Namun jangan hanya menuding aparat pemerintah saja dalam soal pungli ini.
Sudah jamak bila organisasi, baik kepemudaan, kekeluargaan ikatan primordial,
bahkan membawa atribut keagamaan, melakukan pungli. Artinya, pungli juga
dilakukan oleh kelompok masyarakat. Bahkan tidak jarang terjadi bentrokan
antarorganisasi, penyebabnya rebutan wilayah pungli.

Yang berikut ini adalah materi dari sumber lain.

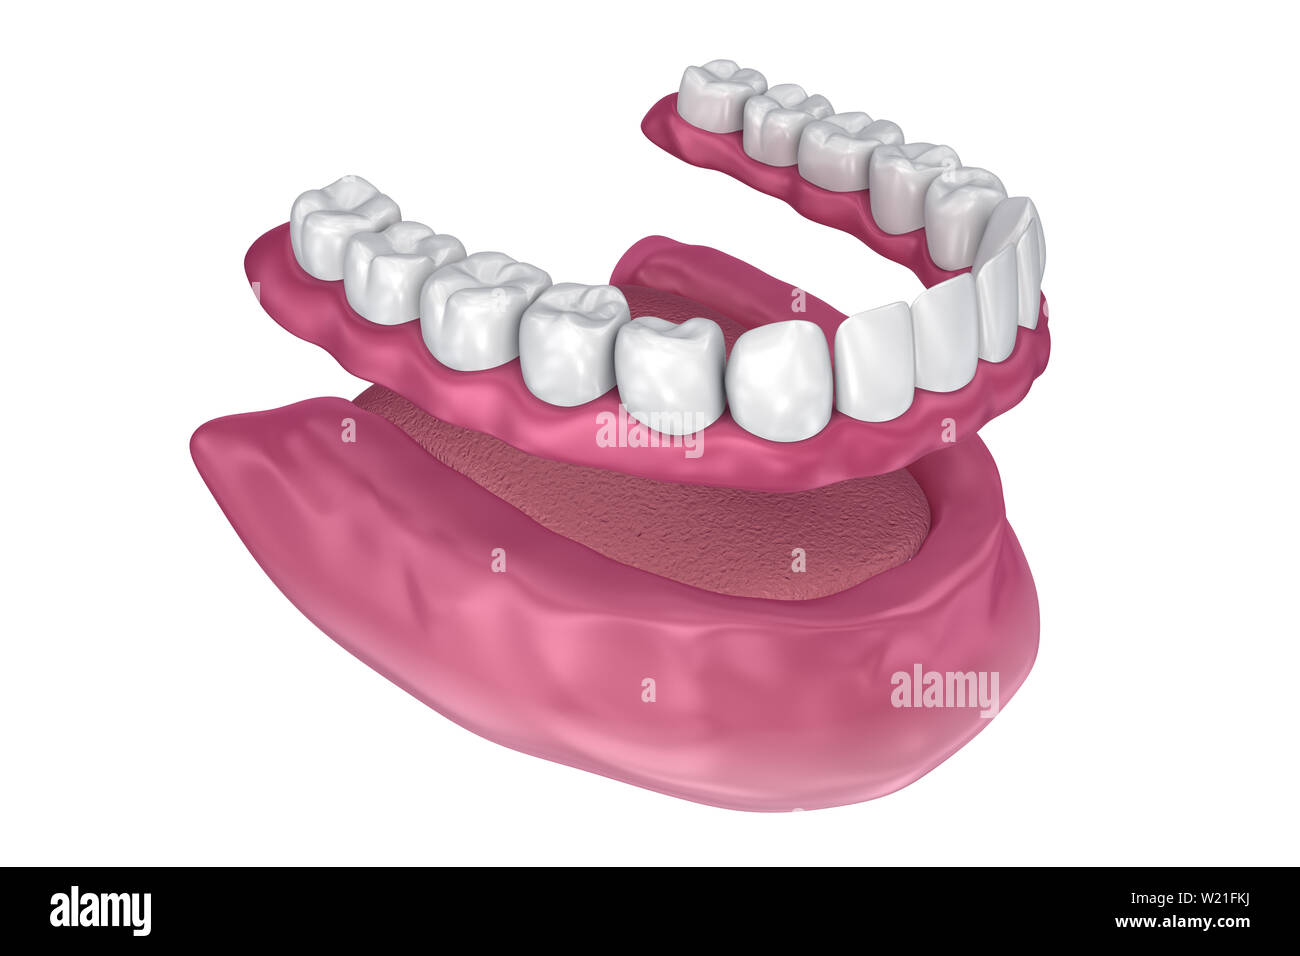 Toutes les dents manquantes - Prothèse complète amovible. 3D illustration Banque D'Images

Pada akhirnya pungli memang menjadi salah satu penyebab ekonomi biaya
tinggi. Itu tercermin dalam berbagai penilaian lembaga internasional terhadap
Indonesia. Dalam Indeks Daya Saing yang dibuat Forum Ekonomi Dunia (World
Economic Forum), juga Indeks Kemudahan Berusaha yang disusun Bank Dunia
(World Bank), korupsi dan red tape di lingkaran birokrasi, masih menjadi salah
satu faktor penyebab peringkat daya saing Indonesia rendah.

Red tape yang menunjukan rumitnya birokrasi di Indonesia, selama ini memang
menjadi sumber pungli. Karenanya ketika pemerintah mulai membenahi berbagi
kerumitan birokrasi, para analis ekonomi dunia pun, memujinya sebagai langkah
maju.

Dalam sebuah artikel hasil kolaborasi Forum Ekonomi Dunia dengan Financial
Time, disebutkan optimisme perubahan di Indonesia, dan menunjukkan negeri ini
tengah tumbuh. Presiden Jokowi mendapatkan apresiasi, karena dinilai para
analis telah memberikan berbagai macam stimulus dalam peket ekonomi, serta
memotong red tape.

Tentu saja kita sangat berharap, Saber Pungli kali ini, tidak bernasib sama seperti
yang pernah dilakukan Kopkamtib. Artinya, Saber Pungli bukan sebuah program
hangat-hangat tahi ayam. Ia harus terus ada dalam gerakan yang melibatkan tak
sekadar unsur inspektorat di K/L namun juga masyarakat. Karena sesungguhnya
masyarakat lah yang paling dirugikan karena pungli.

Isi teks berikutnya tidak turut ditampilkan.